They imply a childish, “all can have prizes” view of the world, where no investor ever loses out (and taxpayers always carry the can); that the weaker eurozone countries should be allowed to remain profligate (while more sensible countries are punished); and that moral hazard and extreme risk taking should become the new normal. Even more importantly, nobody actually knows whether or not Germany would sign off a bail-out. The belief that it would smacks of the kind of blind complacency last seen when investors thought Lehman Brothers would never be allowed to fail. It was – and everybody was shocked. But grossly mismanaged countries have defaulted on their debts in the past – why would the PIGS by any different?
There are two equally unconvincing answers to this question.

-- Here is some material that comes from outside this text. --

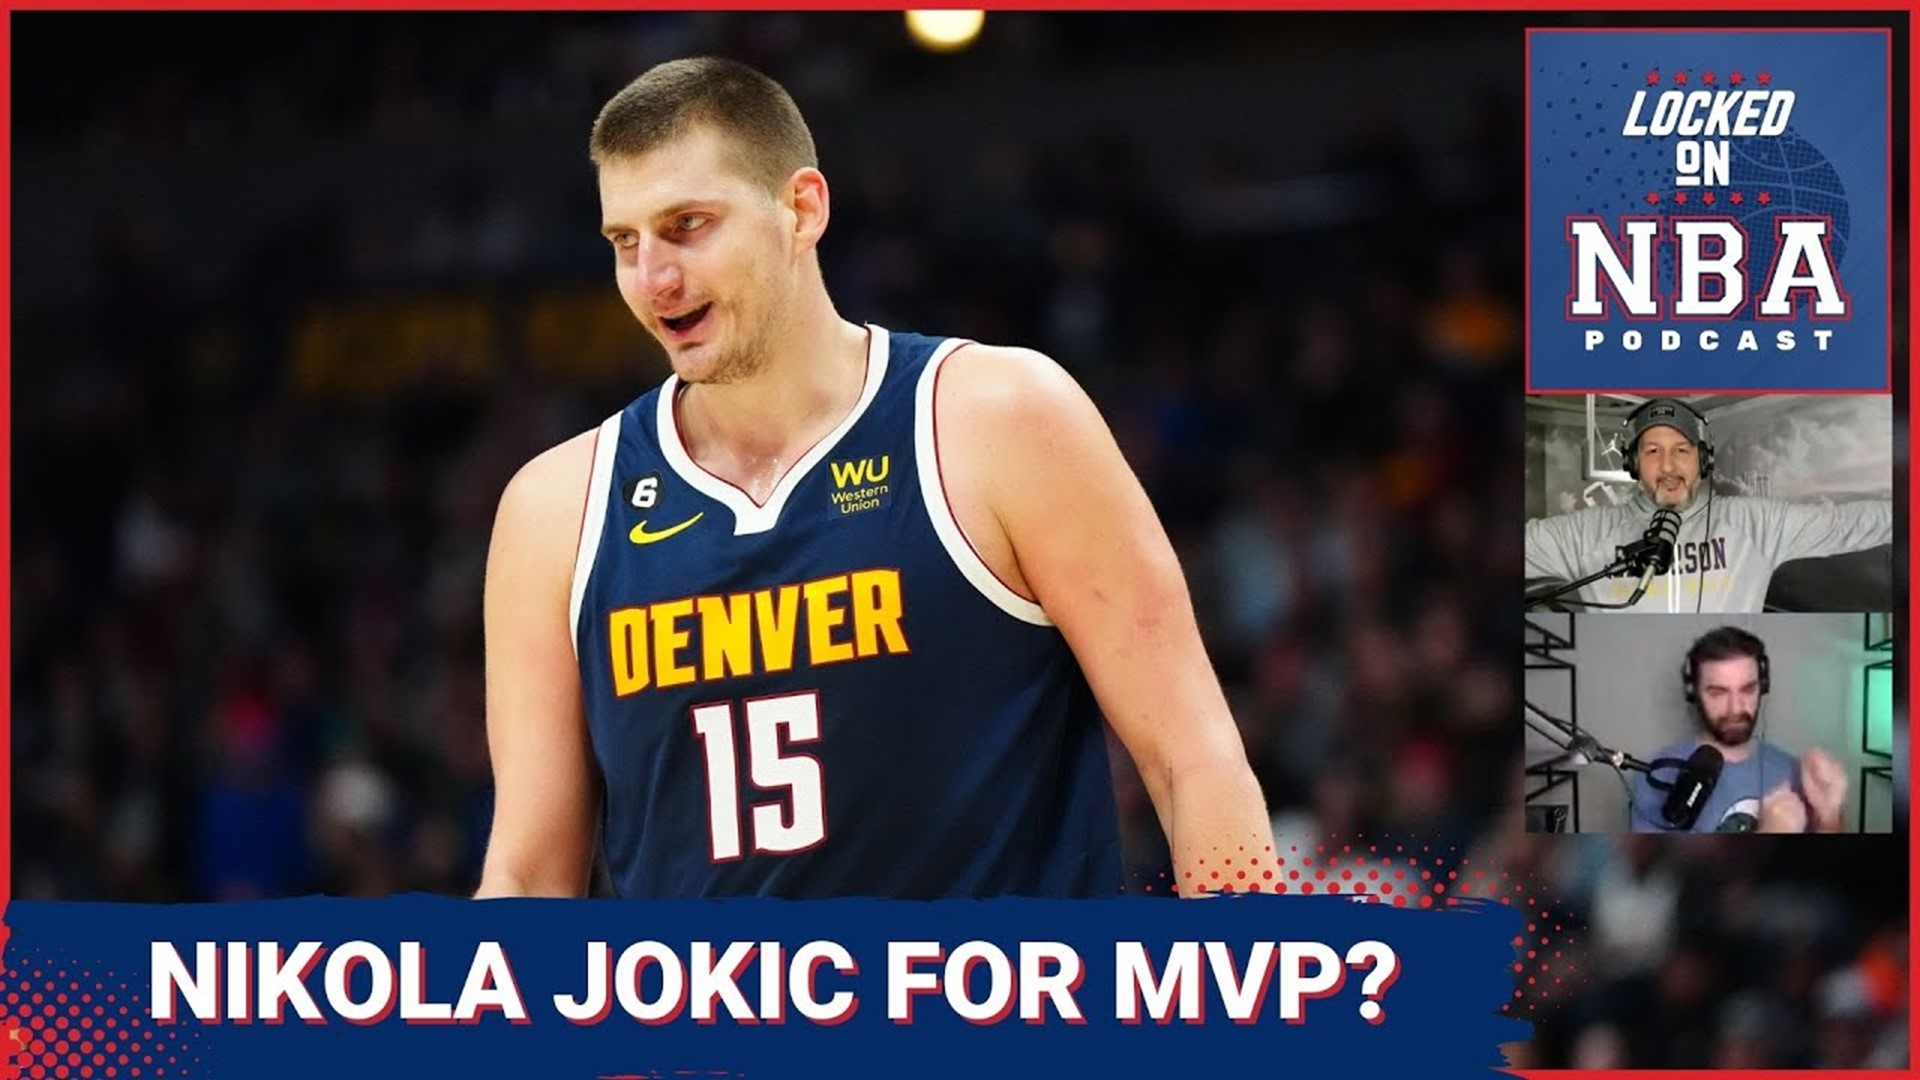 Nikola Jokic running away with MVP? | Should the Toronto Raptors blow it up?

The IMF stepped in over Eastern Europe last year, preventing a major contagion. It is unlikely to do so this time: its budget may not be big enough and it would feel that it was treading on the EU’s toes. So what about Brussels itself? The EU is caught between two provisions of its constitution. Article 125 rules out bail-outs in ordinary circumstances: “The union shall not be liable for or assume the commitments of central governments, regional, local or other public authorities, other bodies governed by public law, or public undertakings of any Member State”. However, Article 122 provides a loophole: when “a member state is in difficulties or is seriously threatened with severe difficulties caused by natural disasters or exceptional occurrences beyond its control, the council, on a proposal from the commission, may grant, under certain conditions, union financial assistance.” The trouble is that the recession is merely the trigger for this new credit crisis: the underlying reason is longstanding political incompetence and governments that lived beyond their means. We are not talking about a tsunami or earthquake.
Nobody knows which way the courts would go if the EU were to attempt to push ahead with a rescue regardless.
Investors keep misjudging risk. With subprime they thought the US housing market would never suffer price drops, an idiotic error. They also bought the idea that cleverly tranched CDOs could protect them from disaster, equally wrong but more forgivable. In this case they assumed that buying the bonds of a euro member meant that they would somehow be protected, an elementary error which confused monetary policy – controlled by the competent European Central Bank – and fiscal policy – controlled by corrupt and incompetent national governments. Sure, the Maastricht Treaty was full of supposed limits on the public debt but these were toothless and routinely ignored. So yet again investors allowed weak debtors to borrow at lower rates than their true riskiness warranted.
The EU may step in to bail-out bust governments or it may allow them to default. Either way, we will all pay a steep price.